Love Is A Place But You Cannot Live There by Jade Wallace

Love is a place but you cannot live there

Thank you, NetGalley and Guernica Editions, for the chance to read and review the ARC for Love Is A Place But You Cannot Live There by Jade Wallace.

This 104-page long book actually had quite a few poems I enjoyed. However, as a whole, I’m leaving this debut poetry collection 3.5 stars out of 5 (rounded up to 4 where that isn’t an option).

The poems in this collection feel like a series of vignettes centered on travel, ghosts, and love. There are some beautiful moments and beautifully done stories, and I’ve picked out quite a few poems I like and will be returning to in the future.

My concern for this book is that it could have been better edited to make it more consistent. Certain poems, like Rue, end on a cheesy note with the italicized lines;

“No, you said. What’s cruel is making people live in a graveyard.”

There is a market for poems like that; there are a million writers who write like that (it’s getting boring), and it doesn’t always overlap with other poems like The Lost Rooms or Shutter, which are terrific pieces. The authors’ poems on infidelity were also really intense; I could picture the stories described in those poems (Rituals of Parsing will live in my head rent-free), but between the ones at the start being slightly dull and the slightly cheesy bits, they’re lost.

The writer has a lot of potential! Overall, the collection was cohesive because you could feel that some thought had gone into how the poems were organized. However, as they grow as a writer, I think each poem will just be better in quality and we’ll see all of their style come through!

Love Is A Place But You Cannot Live There comes out on the 1st of April 2023.
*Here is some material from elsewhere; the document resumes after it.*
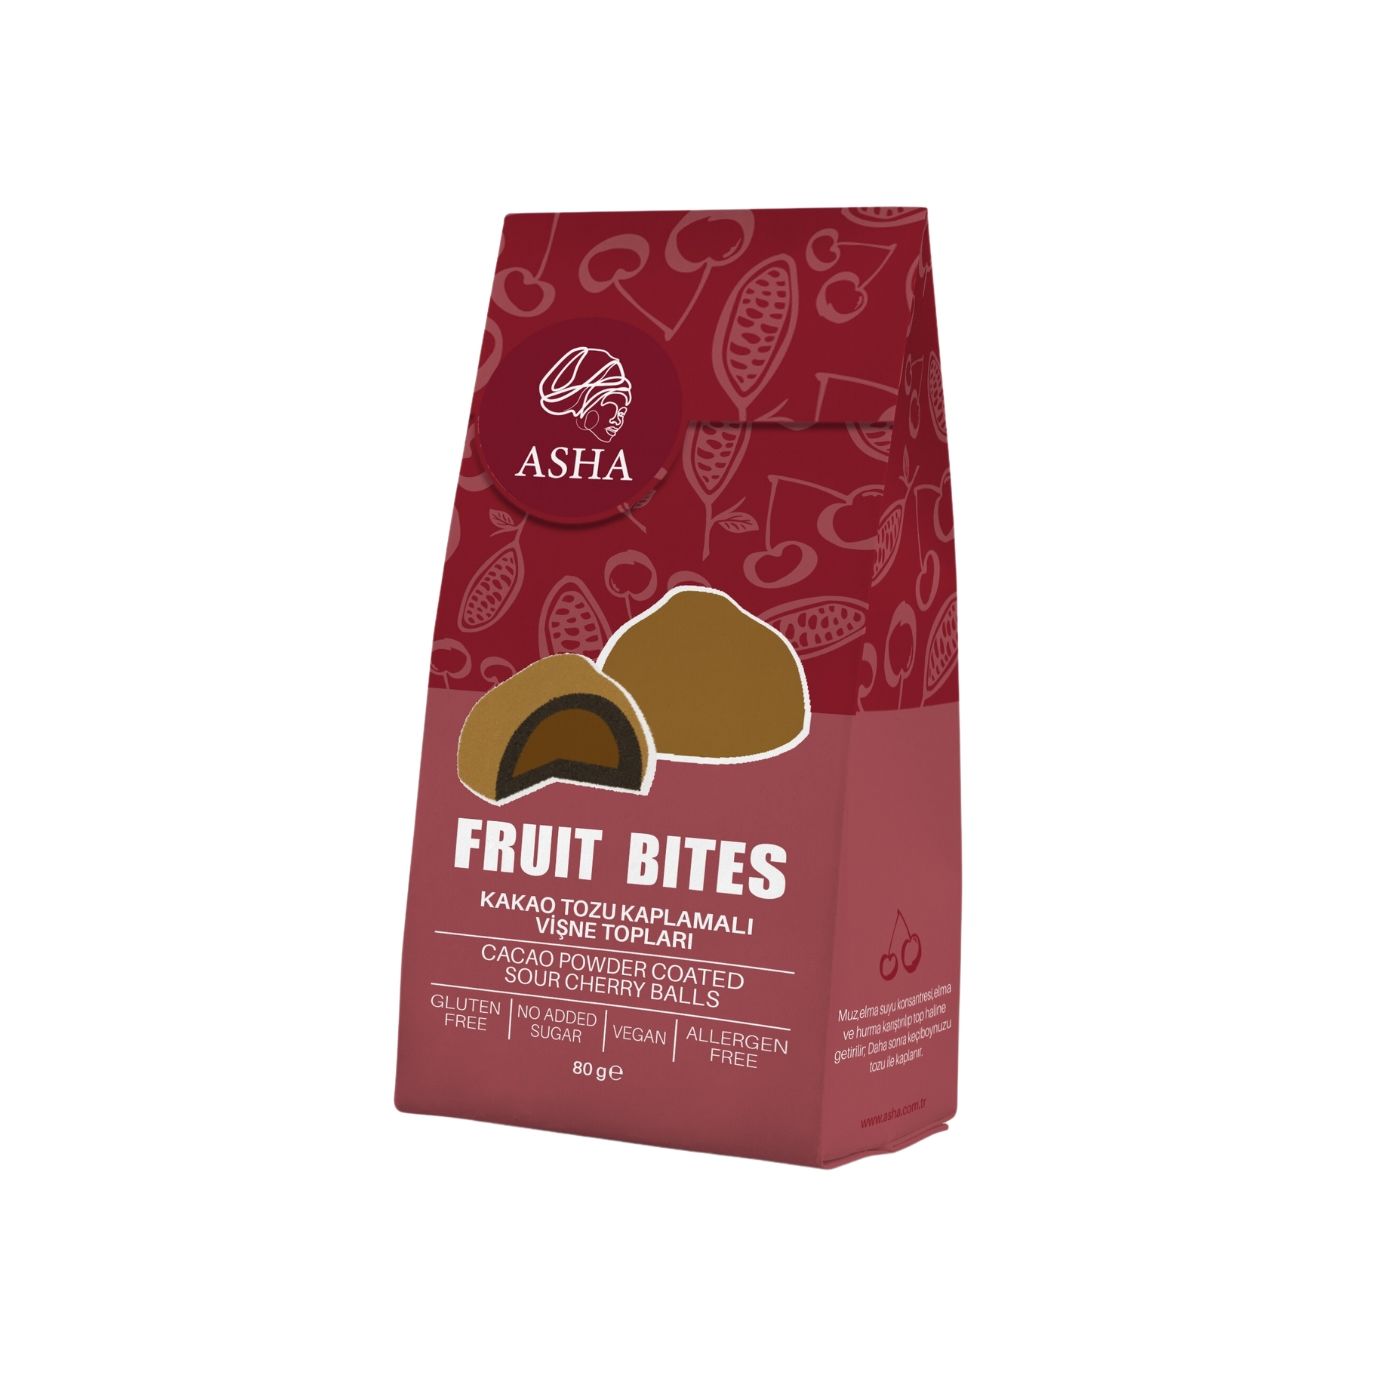 Asha Fruit Bites Kakao Tozlu Kaplamalı Vişne Topları
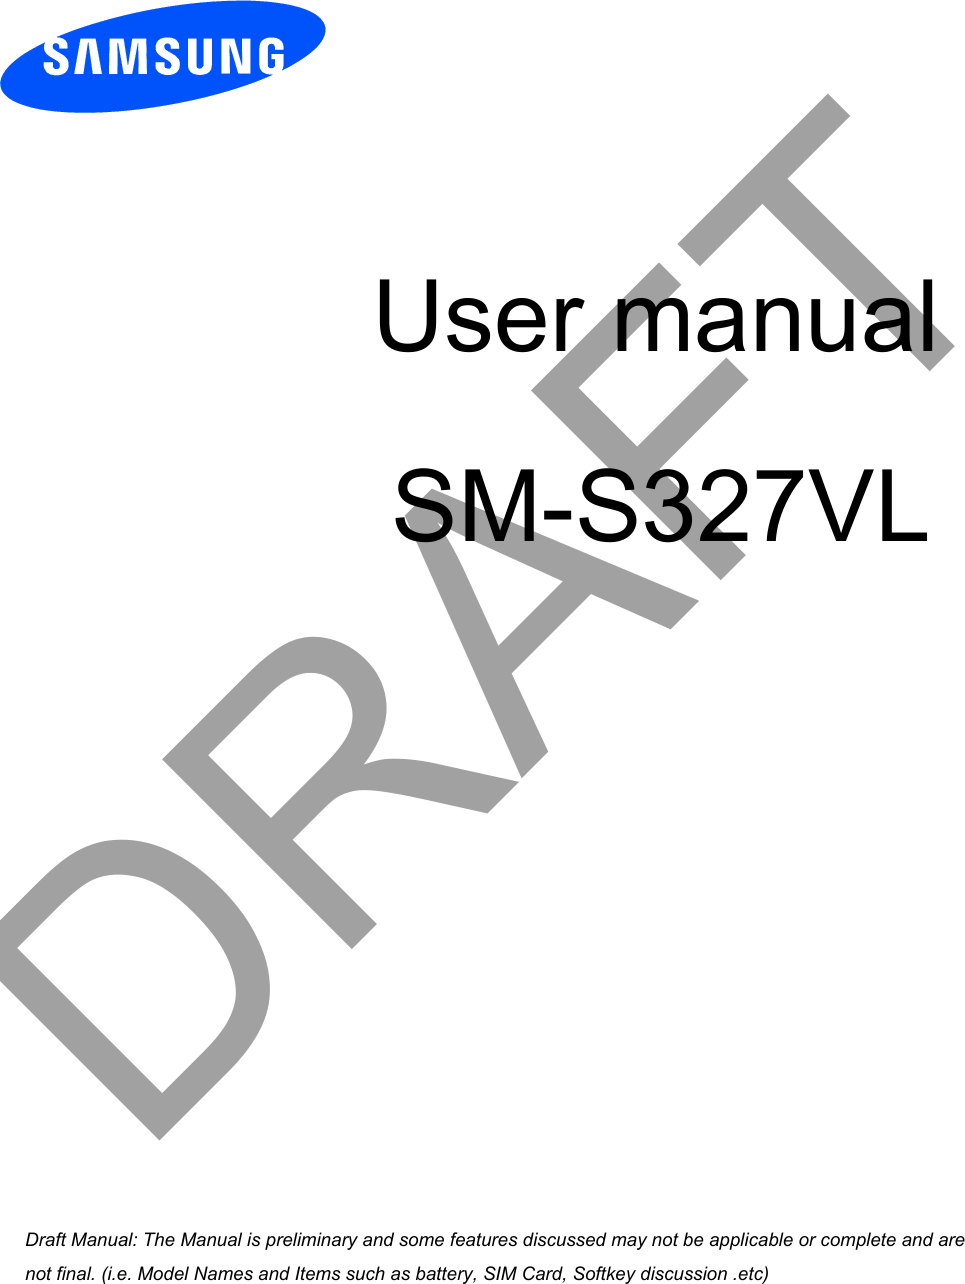 User manualSM-S327VLDRAFTa ana  ana  na and  a dd a n  aa   and a n na  d a and   a a  ad  dn 

Blurb for Love Is A Place But You Cannot Live There

Each section of Love Is A Place But You Cannot Live There is a psychogeographic investigation. Two casual ghost hunters on a road trip hear the death rattle of their relationship. Residents of a city’s fringe measure their physical and social isolation. A mother and her adult child have diametrically opposed reactions to their vacation spot. Lovers on a romantic coastal getaway discover how estranged they are from one another. Curious figures begin to embody their environments. Forthright and anecdotal, these poems recount the signals people transmit and receive, and the reciprocal ways we make, and are made by, the places we inhabit.